I deal with twenty-something year-old kids everyday who are addicted to heroin, meth, alcohol or “whatever-you-got.” I see my son, born pure an innocent. However with me being an addict, I lose sleep on his future.
I use to be the “guy” who never missed a game no matter what. Some of it was a true and innocent passion for the “big-game” storylines and hype, while a big part of it was an excuse to drink and use. When I got sober, I stopped watching sports for the first 2 years for several reasons. First, I associated watching sports with using and drinking, second I couldn’t handle the emotional rollercoaster ride of my team barley squeezing out a win, or not winning at all. Third I didn’t like they way sports controlled me as far contributing 3 to 6 hours of watching any random day. Even though I haven’t watched a complete NFL game the entire season, (thank goodness), and my favorite team was completely horrible, (not the Browns), it doesn’t take a “super-fan” to realize what Super Bowl Fifty-two, (I think?), is all about.
The number one storyline going into the “Big-Game” this Sunday is, Who do you hate more, Tom Brady or Eagle Fans? It’s really that simple. For me, I’m a Brady fan. If the Patriots win, to me Tom will be the best-ever, (whatever that means!). I like Carson Wentz, because I broadcasted one his game while he was in North Dakota State as my university played against him, and lost against him FYI. I know Wentz isn’t playing, however through recovery it’s important for me not to take this game to seriously, no matter who wins.

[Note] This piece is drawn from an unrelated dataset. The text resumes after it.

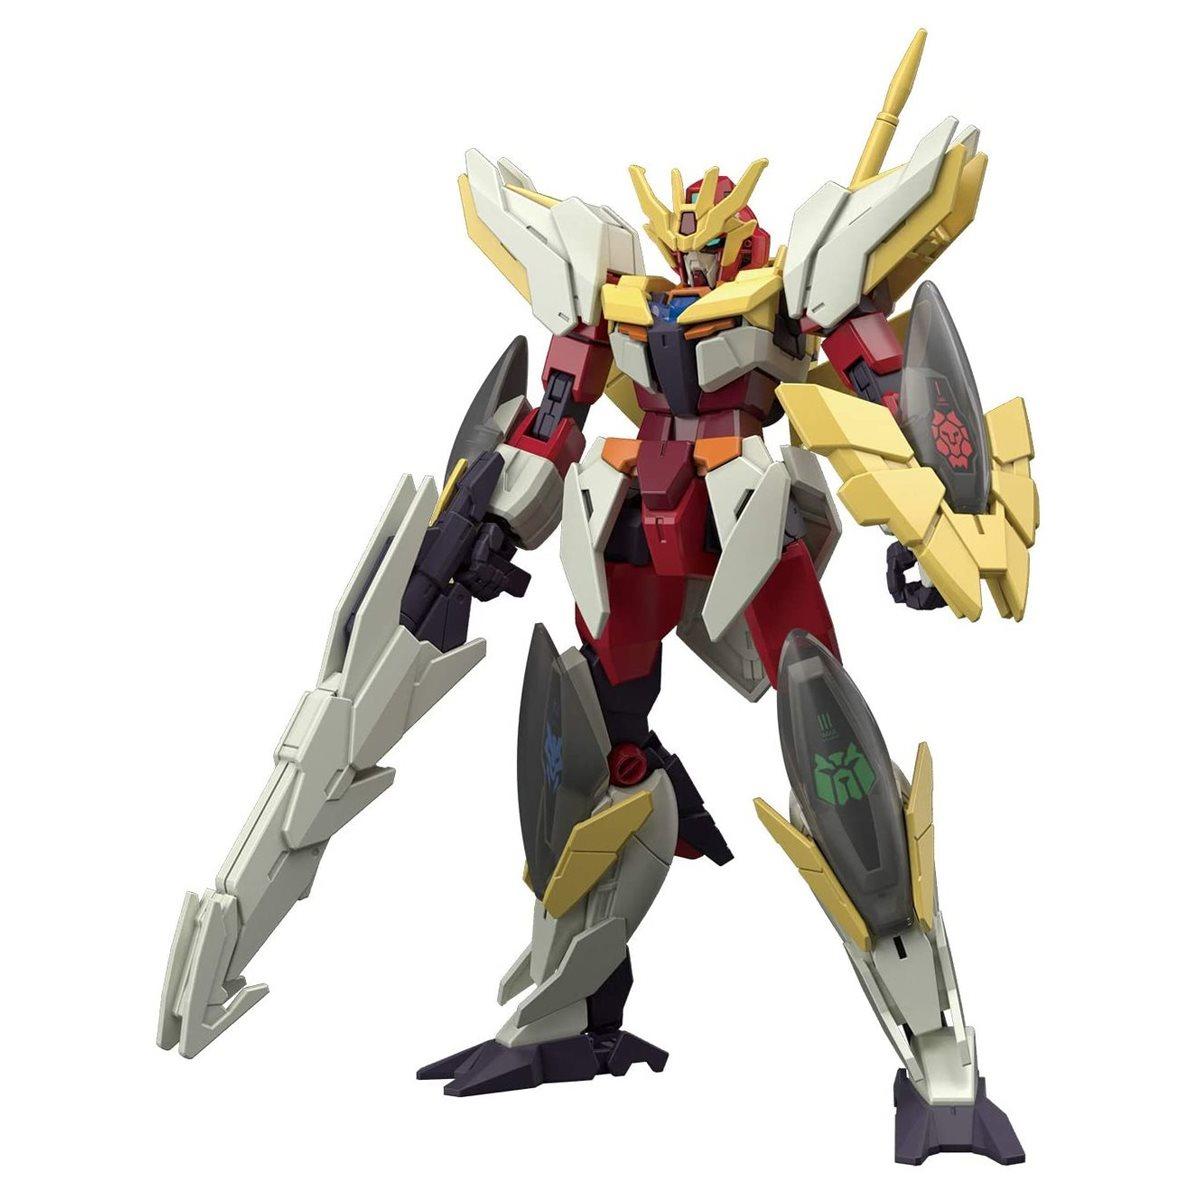 Gundam Anima[RIZE] Gundam Build Divers RERise #34 HGBD 1144 Scale Model Kit (Main)

Here’s my logic. If I truly believe in and accepted Step 1, then I will do things throughout my day to help my stay sober. A person like me, can not afford to get emotionally invested in something so meaningless, like the Super Bowl. I can’t watch with a bunch of people who are drinking, or skip a meeting to watch. I can’t argue about a player, team or game. Other people can, I can’t. Reason being my old coping skill for handling uncomfortable emotions was drinking. Even though this will be my fifth sober Super Bowl, and I have new kick-ass skills to deal or sit with my emotions, I’d rather not test my sobriety, no need to.
If you are concerned watching the Super Bowl because you are on “day 1,” or maybe “year 10” here is a few things to make sure you wake up sober the following Monday.

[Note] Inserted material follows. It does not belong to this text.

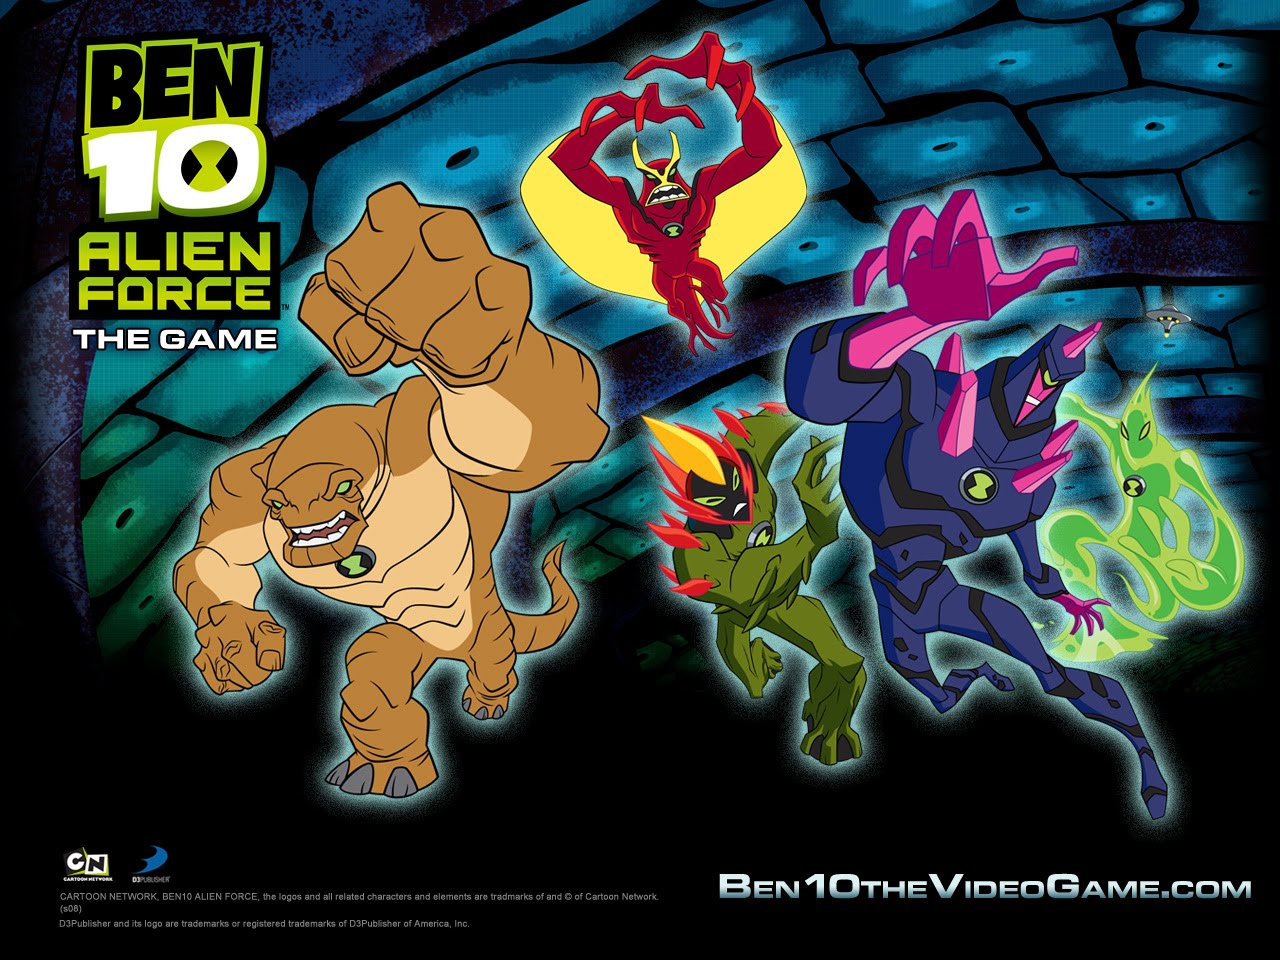 http://1.bp.blogspot.com/_1AahBY9IEXU/TDN5NIWnixI/AAAAAAAAAFk/GumRhJHnDVA/s1600/Ben-10-The-Video-Game-1.jpg

Host. You can’t control what other people do at their house, but you can control the invite list and the “no alcohol” rule at your own.

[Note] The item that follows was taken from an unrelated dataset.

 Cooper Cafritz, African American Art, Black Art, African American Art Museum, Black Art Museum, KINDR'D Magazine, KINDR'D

If you absolutely must attend, maybe your up for that promotion at work and your boss invited you to his Super Bowl Party that’s is suppose to be epic, (which I would strongly suggest don’t go even if you don’t get that promotion), go with someone that is in recovery and have an escape plan if things get uncomfortable. “My neighbor called, and my dog jumped the fence or my house is on fire,” whatever works best!
Go to your local recovery club or treatment center, someone will be hosting.
Watch by yourself. That’s what I love to do. Pull out the old social media account and start analyzing every play from you smart phone, that will get the conversation going so you are not completely by yourself!
My favorite, go to a meeting, don’t watch or DVR it for later.
No matter what you choose, remember this is not about Tom Brady or the Eagles, this about our recovery and staying sober.
Have a plan, like drive yourself to the party so you can get up and leave when you want. Host if you can, and make it no drinking in your house. Be accountable to a sober friend each quarter and halftime. And when in doubt, just watch it by yourself or not at all. It’s simply not worth it. This is our life we are talking about, compared to a game with highly overpaid, but amazingly talented athletes that will still be rich in the morning despite our relapses.